Article

Building a moat in the age of AI

Matt Gatto, Jessie Sheff | November 19, 2025| 5 min. read
Vertical AI moats

As investors, we’ve been asking founders the same question for decades: What’s your moat? In the age of AI, that question is more urgent and complex. 

Many of the barriers to building software have collapsed. No-code platforms and coding copilots have dramatically shortened the path from idea to product. Foundational models have given builders superpowers — off-the-shelf intelligence that used to take years (and millions of dollars) to create. The “app layer” is increasingly capable, without needing to build its own foundation.

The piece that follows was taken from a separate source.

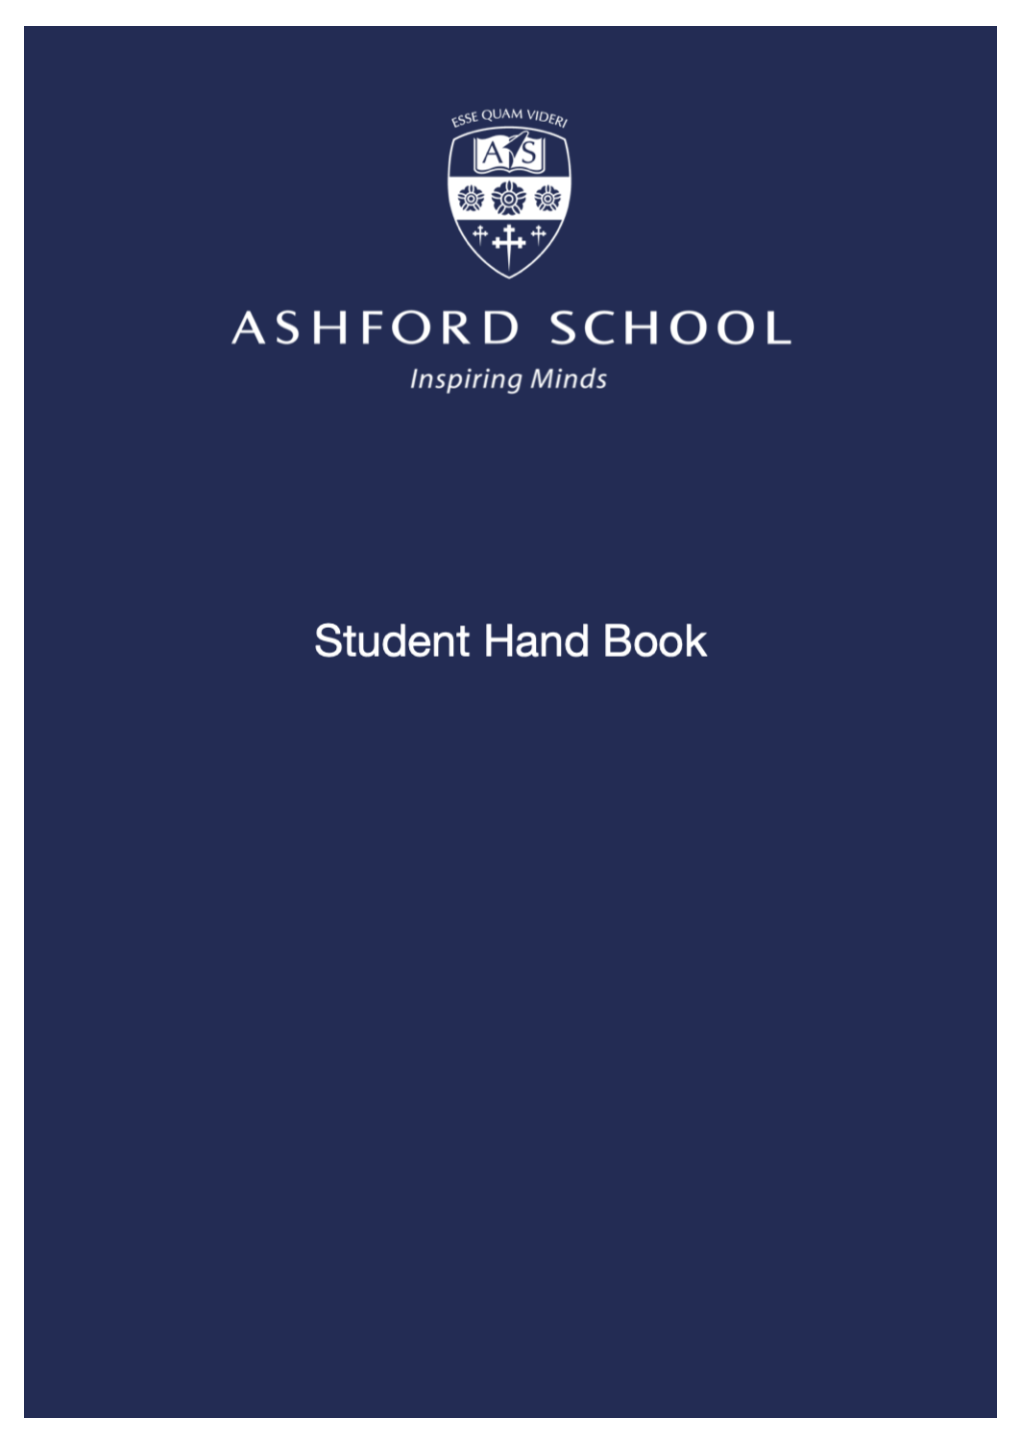 Ashford School Student Handbook 2020 2021.V1 2

Building has become plug and play. 

But the same technology that accelerates innovation can also compress differentiation. The most ambitious founders we meet are wrestling with this paradox daily: If anyone can build quickly, how do founders build something that lasts? 

The challenge has intensified as foundational model providers like OpenAI*, Anthropic*, Google, and others that have begun moving up the stack into the application layer. OpenAI’s release of AgentKit sparked anxiety across the startup ecosystem: Did this kill the entire category of AI Agent builders overnight? Similar questions echo across many verticals: If you’re building for lawyers, insurers, bankers, or accountants, how long before the foundation models do it themselves? 

As investors, we’re being forced to evolve just as quickly. This isn’t the gradual shift from on-prem to cloud — it’s a rapid cycle of adoption, saturation, and redefinition. First-mover advantage is no longer enough. The fastest-growing software companies of the last decade now represent “table stakes” growth. We need new frameworks to evaluate what a durable advantage looks like in this AI-first world.  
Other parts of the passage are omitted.